Unsustainable Perks and Privileges in Power Sector : Unexplored cause of high electricity tariffs.
In Pakistan’s power sector, public entities such as GENCOs, TRANSCO, and DISCOs offer essential benefits like pensions, free electricity, and medical care to retired employees. However, these costs should not be treated as direct expenses of their services.
To manage these financial liabilities effectively, a dedicated fund is essential. Currently, many entities charge these costs to electricity tariffs, distorting the true cost of generation and placing an undue burden on consumers. The financial strain from these benefits is growing due to an increasing number of retirees and rising electricity and healthcare costs.
As the workforce ages, the demand for pensions and medical care escalates, exacerbated by higher service rates.
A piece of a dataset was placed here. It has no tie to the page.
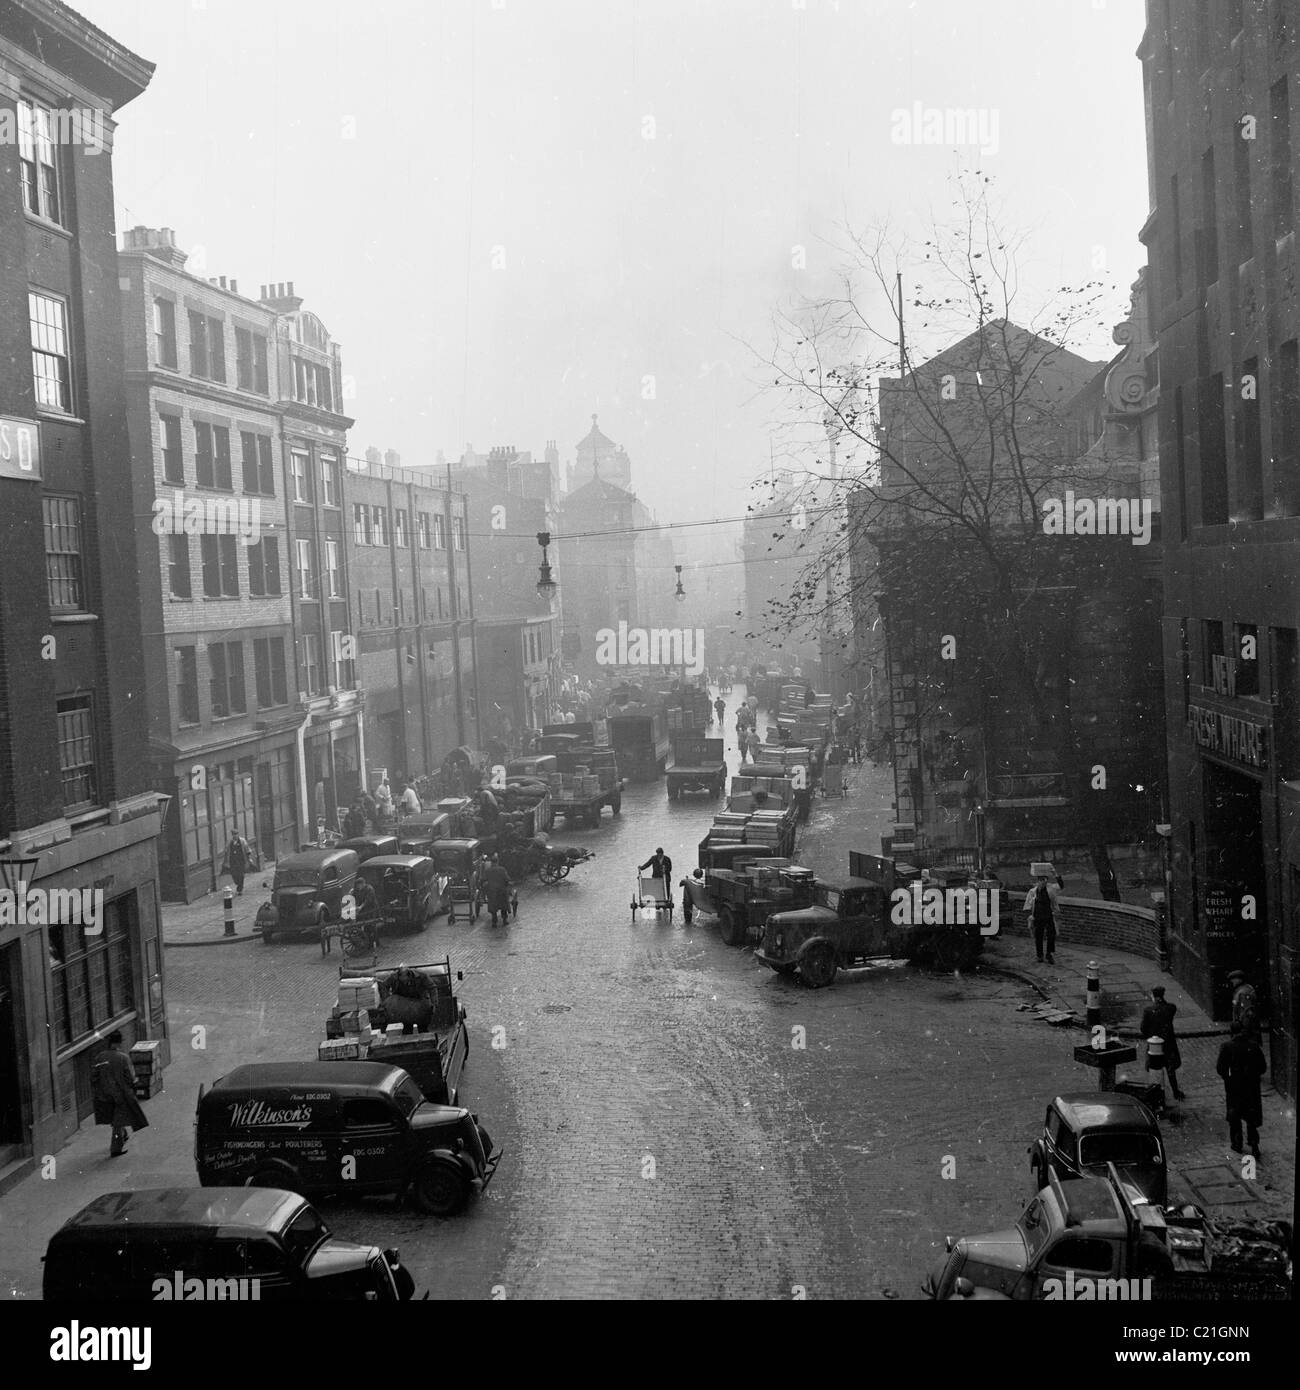 England der 1950er Jahre. Sehen Sie auf einen belebten Marktstraße, in der Nähe von St Martins Lane, London in diesem historischen Bild von J Allan Cash. Stockfoto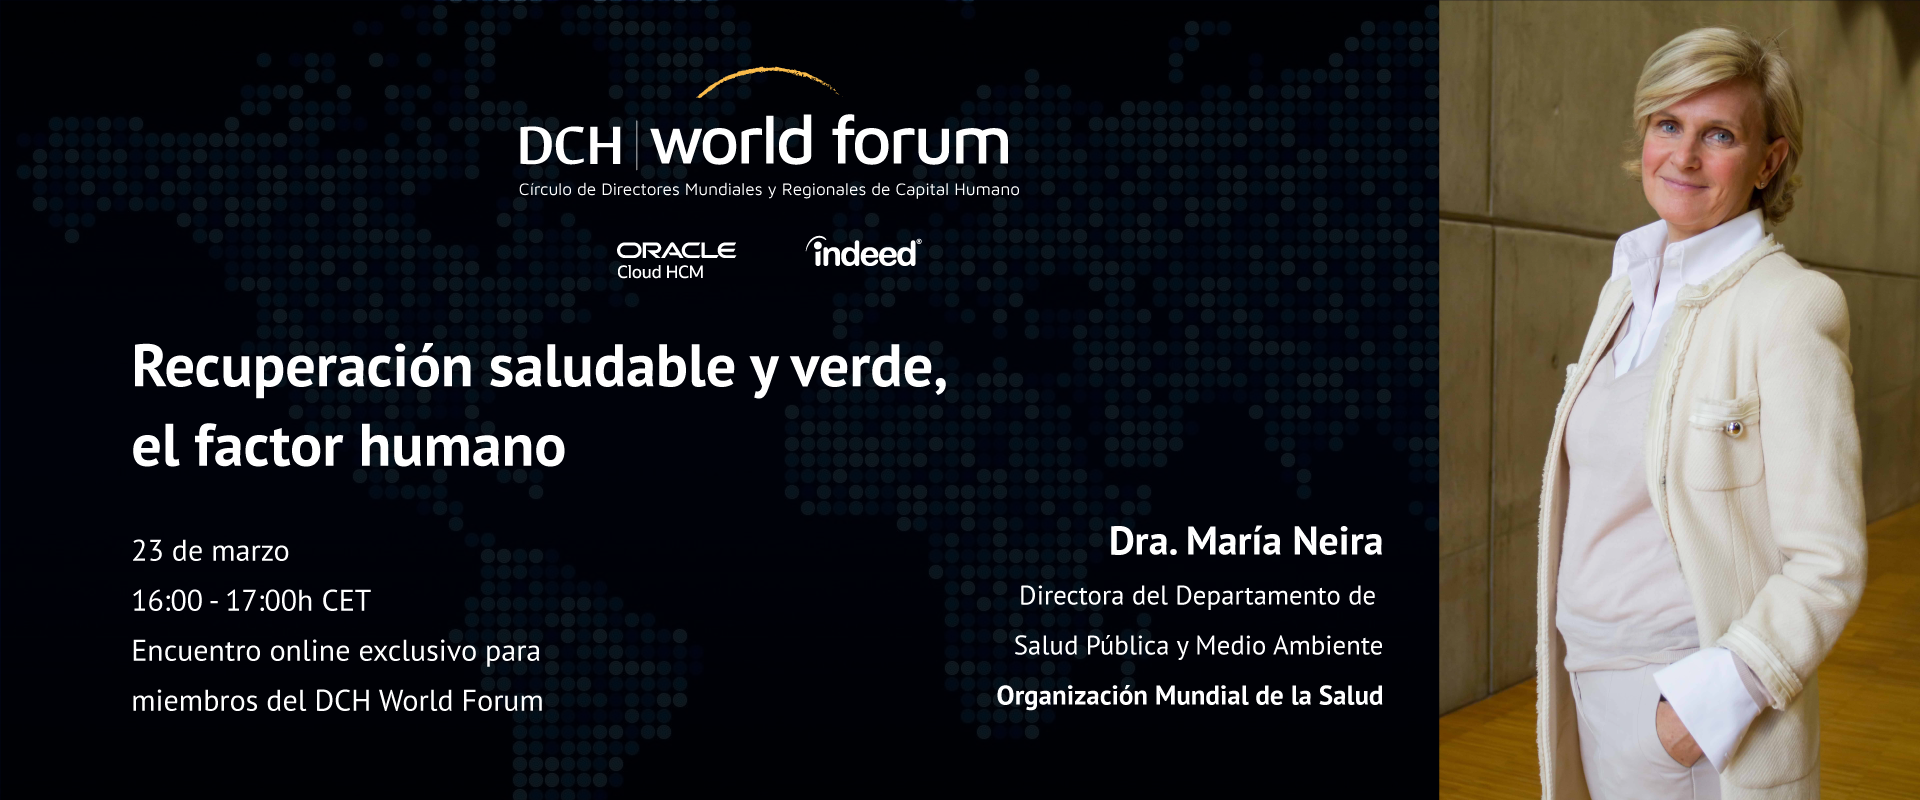 world-forum

Over the past year, the expenses related to pensions, free electricity, and medical services in public sector DISCOs are detailed below
The Numbers Tell the Story
From FY 2018–19 to FY 2022–23, the combined employee-related perks of just a few DISCOs ballooned dramatically:
PESCO (Peshawar Electric) → rose from Rs 4.9 billion in FY 2018-19 to Rs 8.9 billion in FY 2022-23 — an 80 % increase in five years.
IESCO (Islamabad Electric) → increased from Rs 1.6 billion to Rs 4.1 billion, a three-fold rise.
GEPCO (Gujranwala Electric) → climbed from Rs 2.9 billion to Rs 4.9 billion.
LESCO (Lahore Electric) → from Rs 6.9 billion to Rs 10.1 billion.
FESCO (Faisalabad Electric) → from Rs 4.6 billion to Rs 7.6 billion.
MEPCO (Multan Electric) → from Rs 4.0 billion to Rs 14 billion — nearly tripled.
QESCO (Quetta Electric) → from Rs 0.9 billion to Rs 1.6 billion.
Across all entities, the total runs into tens of billions annually, much of which is embedded in the per-unit electricity cost paid by ordinary consumers.